ADC の複雑かつ多様な構造と、生体サンプル中に放出される低分子薬物の濃度が低いため、薬物動態 (PK)評価にはいくつかの課題があります。これらの課題は主に、PK 特性、PK-PD 相関関係、標的分析物、生物分析方法、およびデータ解釈にあります。
ADC の PK 研究デザインと種の選択
ADC の特異性を考慮すると、関連する動物種で単回投与および複数回投与の PK 研究を実施することが推奨されます。齧歯動物に薬理学的関連性がない場合、または非齧歯動物種のみが関連する場合、PK 研究は非齧歯動物種に限定される可能性があります。種間の PK の違いは、毒物学研究における用量反応予測に大きな影響を与える可能性があり、各 ADC の PK 評価は、その特性に基づいたケースバイケースのアプローチに従う必要があります。 ADC の製剤、濃度、および投与方法は、研究中に投与製剤の濃度を確認しながら、毒物学または臨床試験で使用されるものと可能な限り一致する必要があります。
主要な ADC PK 分析物とパラメータ
ADC PK プロファイリングの一般的な分析物には次のものがあります。
- インタクトな ADC および/または完全な抗体(共役と非共役の両方)。
- 無料の低分子医薬品および/または裸の抗体 (ADC がターゲットに結合する抗体と競合する場合、この検出も重要になります)。
ADC のコア PK 研究では、ADC の安定性、血漿濃度-時間曲線、吸収、分布、代謝、排泄 (ADME)。新規の小分子の場合、in vivo および in vitro の方法論を統合して、システムへの曝露、血漿タンパク質の結合、および排泄特性を定量化することが推奨されます。腫瘍および正常組織への分布も研究されるべきであり、システム曝露、代謝産物プロファイリング、およびクリアランス経路を含む、小分子薬物代謝産物の包括的な評価が必要となる場合がある。
ADCの代謝と排泄のメカニズム
ADC の主な排除メカニズムには、次の 2 つの経路が含まれます。
- デカップリング– リンカーの切断により、抗体フレームワークを保持したまま低分子薬剤が放出されます。
- 分解– 抗体がペプチド/アミノ酸に分解され、遊離または結合した小分子毒素が放出されます。

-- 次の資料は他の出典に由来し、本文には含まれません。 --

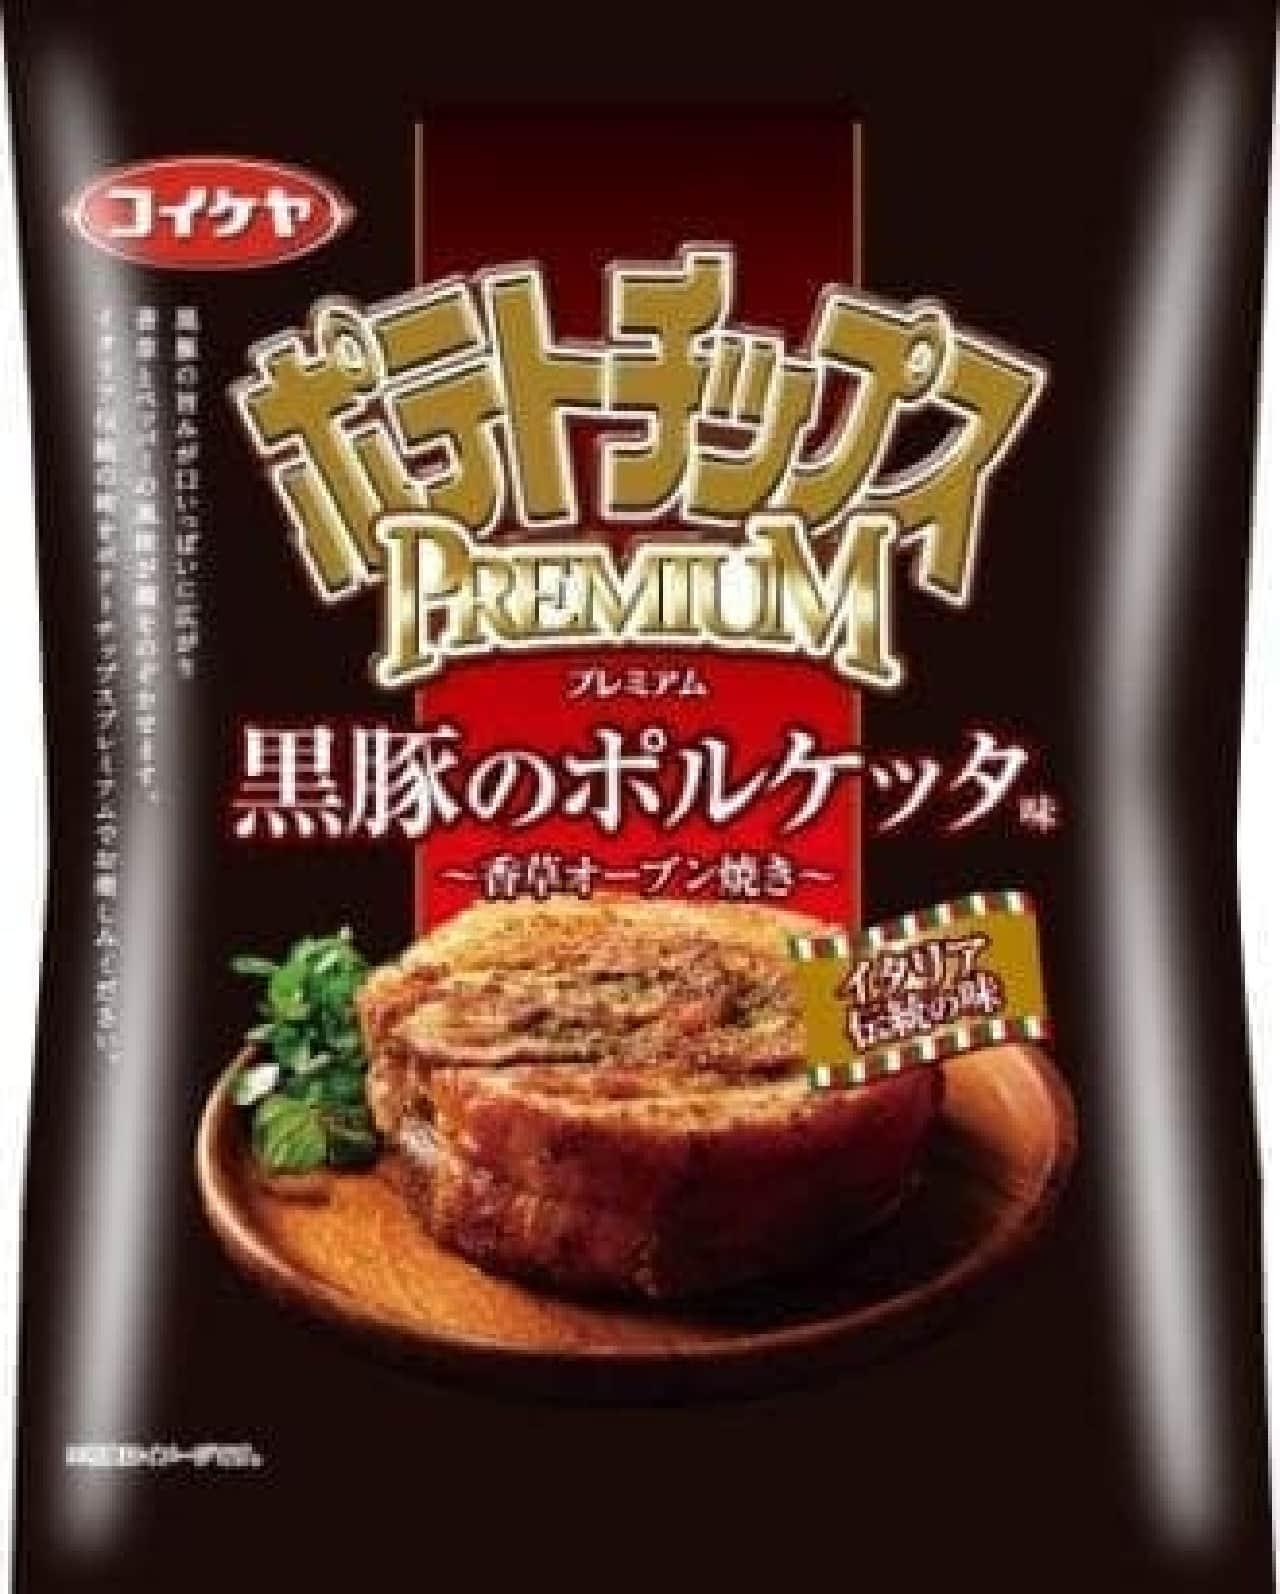 ポテトチップス プレミアム 黒豚のポルケッタ味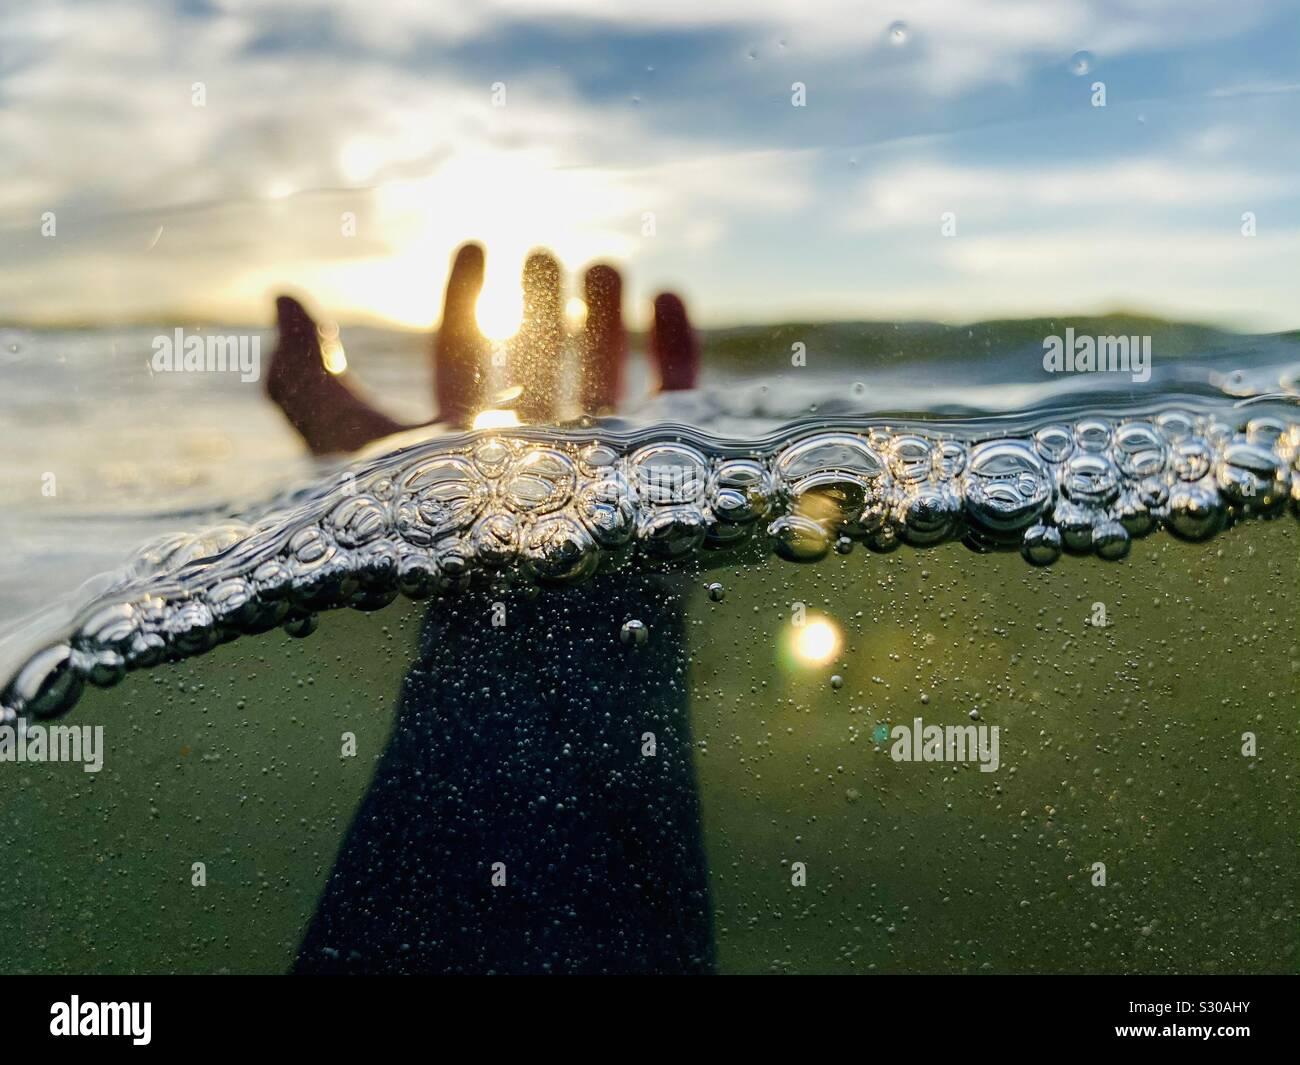 Un over-sotto la foto di una mano sinistra di uscire dall'acqua. Foto Stock

In vivo での ADC 濃度の低下は、主に小分子薬物の酵素分解と脱離によって起こります。総抗体と ADC の間のクリアランス速度の違いは、ADC の in vivo 安定性を反映し、間接的にリンカーの安定性とペイロード放出速度に関する洞察を提供します。さらに、ADC PK 研究では、ADC クリアランスに寄与し、治療効果と安全性に影響を与える可能性がある抗 ADC 抗体 (ATA) 応答をモニタリングするための免疫原性評価の恩恵を受けることができます。
ADC の分布と臨床的関連性
抗体が ADC の構造を主に決定するため、in vivo での ADC 分布は通常、非結合抗体の分布に似ています。当初、ADC は血流に限定されており、組織浸透は限られていますが、血流の多い臓器 (肝臓、腎臓など) に蓄積する傾向があります。 ADC の体内分布は、標的抗原の発現と細胞内在化速度に依存します。 ADC 薬剤は標的組織および非標的組織に蓄積する可能性があり、その後の細胞毒性ペイロードの放出により潜在的な薬理学的または毒物学的影響を引き起こす可能性があります。
ADC の生体内分布を理解することは、その薬理学と毒性プロファイルを相関させ、最適化された ADC 設計をサポートし、臨床安全性評価を導くために不可欠です。
ADC PK 研究における複合アプローチ
ADC PK は複雑であるため、in vivo、in vitro、および動物、そして人間の研究。種や標的発現細胞株にわたる安定性研究などの統合されたアプローチにより、ADC 代謝が解明され、代謝産物の同定に役立ち、前臨床の関連性が確立されます。たとえば、T-DM1 の開発では、ラットでの ADC および DM1 代謝研究がヒト試験の基礎データを提供し、ADC を CYP3A4/5 阻害剤と同時投与する場合の薬物間相互作用 (DDI) をモニタリングすることの重要性を強調しました。